An der Schule Oberbuchsiten SO überschritt der CO2-Gehalt 10 Minuten nach Unterrichtsbeginn 1000 und stieg in der darauffolgenden Lektion auf über 2000 ppm. Ab diesem Wert ist die Luft laut Bundesamt «hygienisch inakzeptabel». Mit maximal über 2700 ppm wurde in der Kantonsschule Stadelhofen der höchste Wert gemessen. Die Schulleitung nahm dazu keine Stellung.
Die Bezirksschule Aarau schreibt dem K-Tipp, die Lehrer würden instruiert, wie sie gemäss Bundesamt für Gesundheit richtig lüften sollten. Zudem würden regelmässig Messungen durchgeführt.
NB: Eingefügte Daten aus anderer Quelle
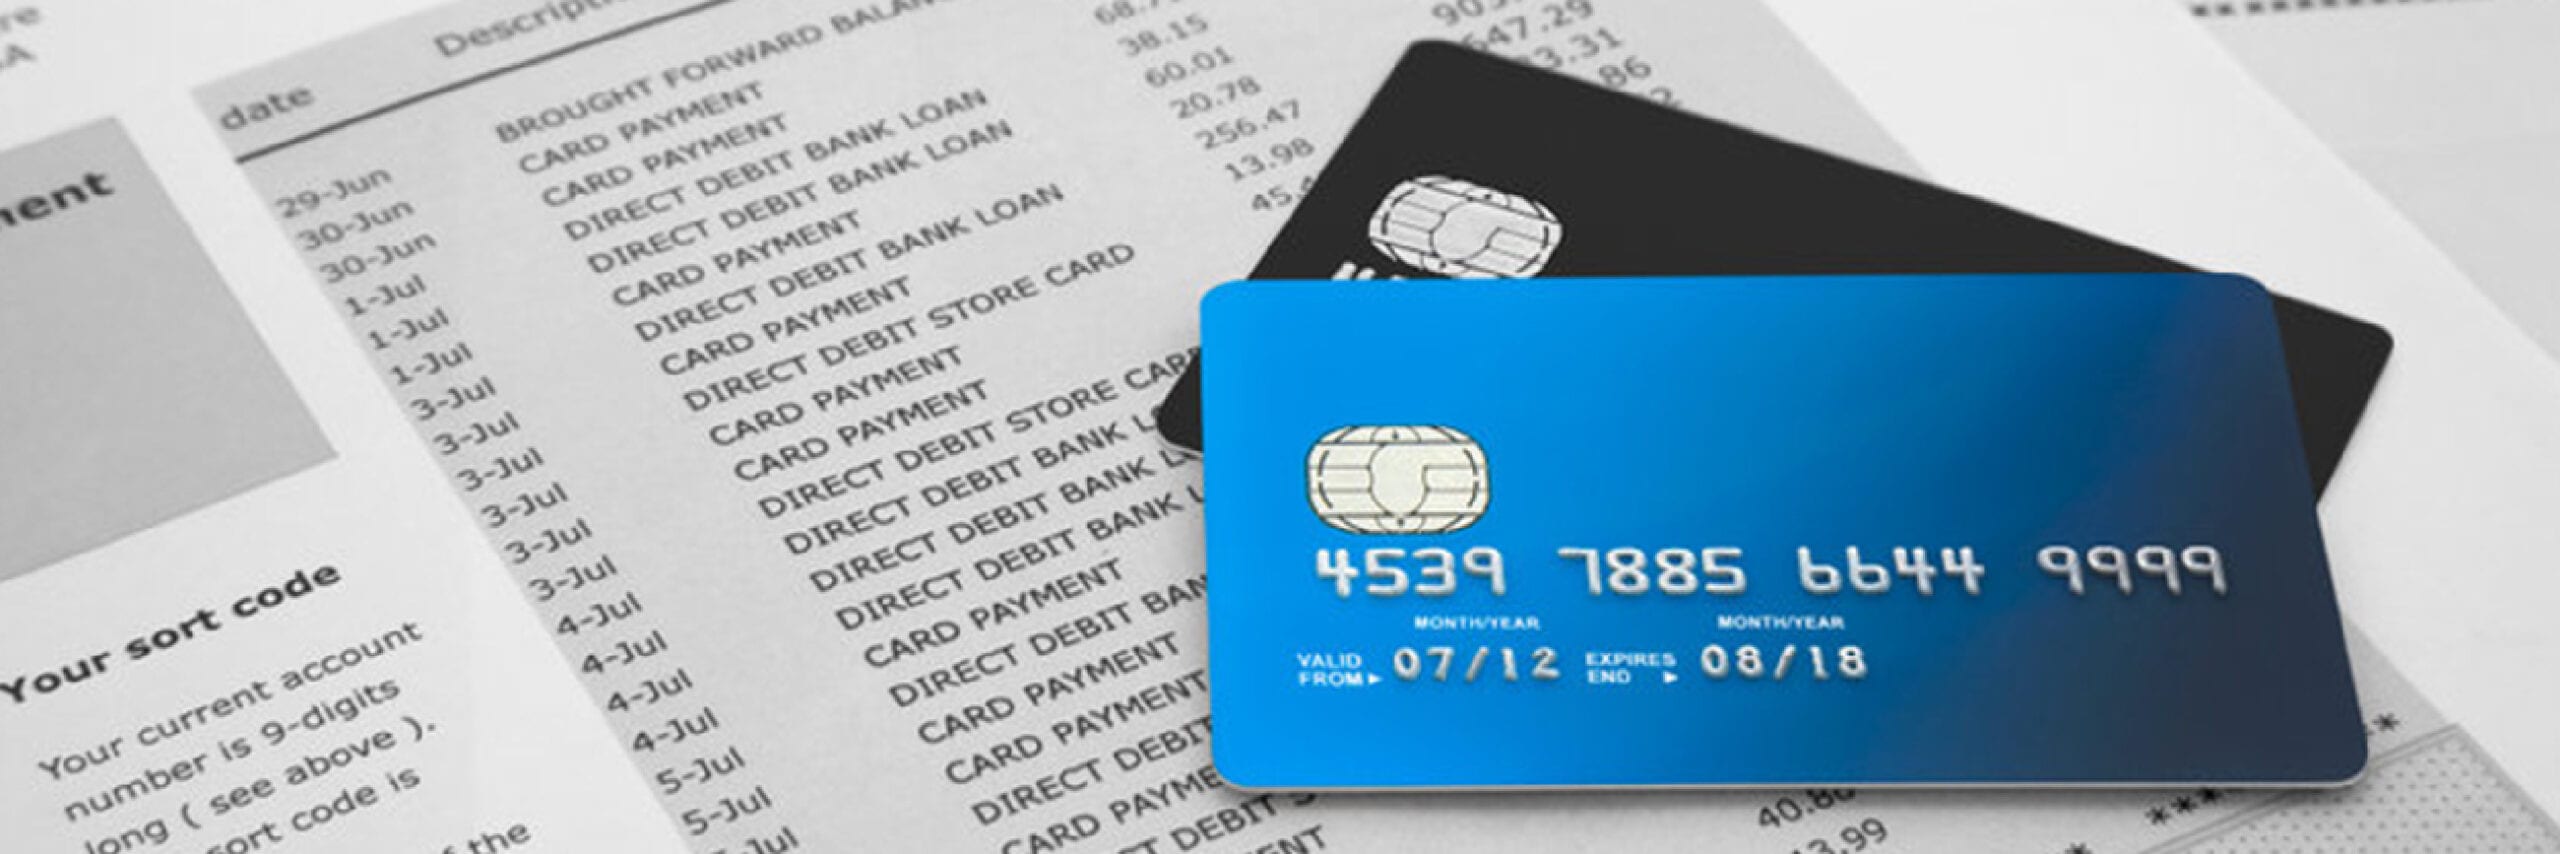 Debt and credit cards

Bei schlechten Werten würden Massnahmen ergriffen – etwa konsequenteres Lüften. Die Kantonsschule Glarus erklärt, sie verleihe CO2-Messgeräte an Lehrer und habe Lüftungsanlagen installiert. In stark belegten Klassenzimmern müssten die Lehrer trotz Lüftungsanlage regelmässig die Fenster öffnen.
Es reicht nicht, nur in der Pause zu lüften
Lufthygieniker Benoit Sicre von der Hochschule Luzern hat bei eigenen Messungen ähnlich schlechte Luftwerte festgestellt. Er bemängelt: «Gerade im Winter lüften die meisten Lehrer zu selten. Wenn sie in der Pause nur ein paar Minuten die Fenster aufmachen, ist die Luft schon zu Beginn der nächsten Lektion wieder schlecht.» Aktuelle Messungen des Kantons Luzern zeigen, dass der CO2-Gehalt in 61 Prozent der 216 untersuchten Klassenzimmer 1000 ppm überschreitet. In Graubünden steigt er in 60 Prozent der 150 untersuchten Zimmer sogar regelmässig über den Wert von 2000.
Die sechs Kantone, in denen die K-Tipp-Stichprobe stattfand, begnügen sich damit, Schulen auf Empfehlungen des Bundesamts hinzuweisen: Die Lehrer sollen zwischen den Lektionen sowie alle 20 bis 25 Minuten lüften.
Laut Benoit Sicre genügt die Umsetzung der Empfehlungen des Bundes teilweise nicht. Er empfiehlt, in jedem Klassenzimmer mit einem CO2-Messgerät zu prüfen, wie oft und lange gelüftet werden muss. Auch Lufthygienikerin Claudia Vassella vom Bundesamt für Gesundheit räumt auf Anfrage ein, dass der CO2-Gehalt schnell 1000 überschreiten kann, selbst wenn sich die Lehrer an alle Vorgaben halten – etwa bei Räumen mit kleinen Fenstern oder bei dichter Belegung.
Luftqualität: Das können Eltern tun
Eltern sollten Lehrer und Schulleitung auffordern, Luftfilter und CO2-Messgeräte zu beschaffen. Gute Luftfilter gibt es für unter 200 Franken (K-Tipp 15/2021). Ein CO2-Messgerät können Lehrer unter www.ktipp.ch/co2 für eine Woche gratis ausleihen. Wenn die Messgeräte zeigen, dass ein Klassenzimmer schlecht belüftbar ist, sollte die Schulleitung die Klasse verkleinern. Experten raten, spätestens bei einem Umbau oder Neubau geeignete mechanische Lüftungen einbauen zu lassen.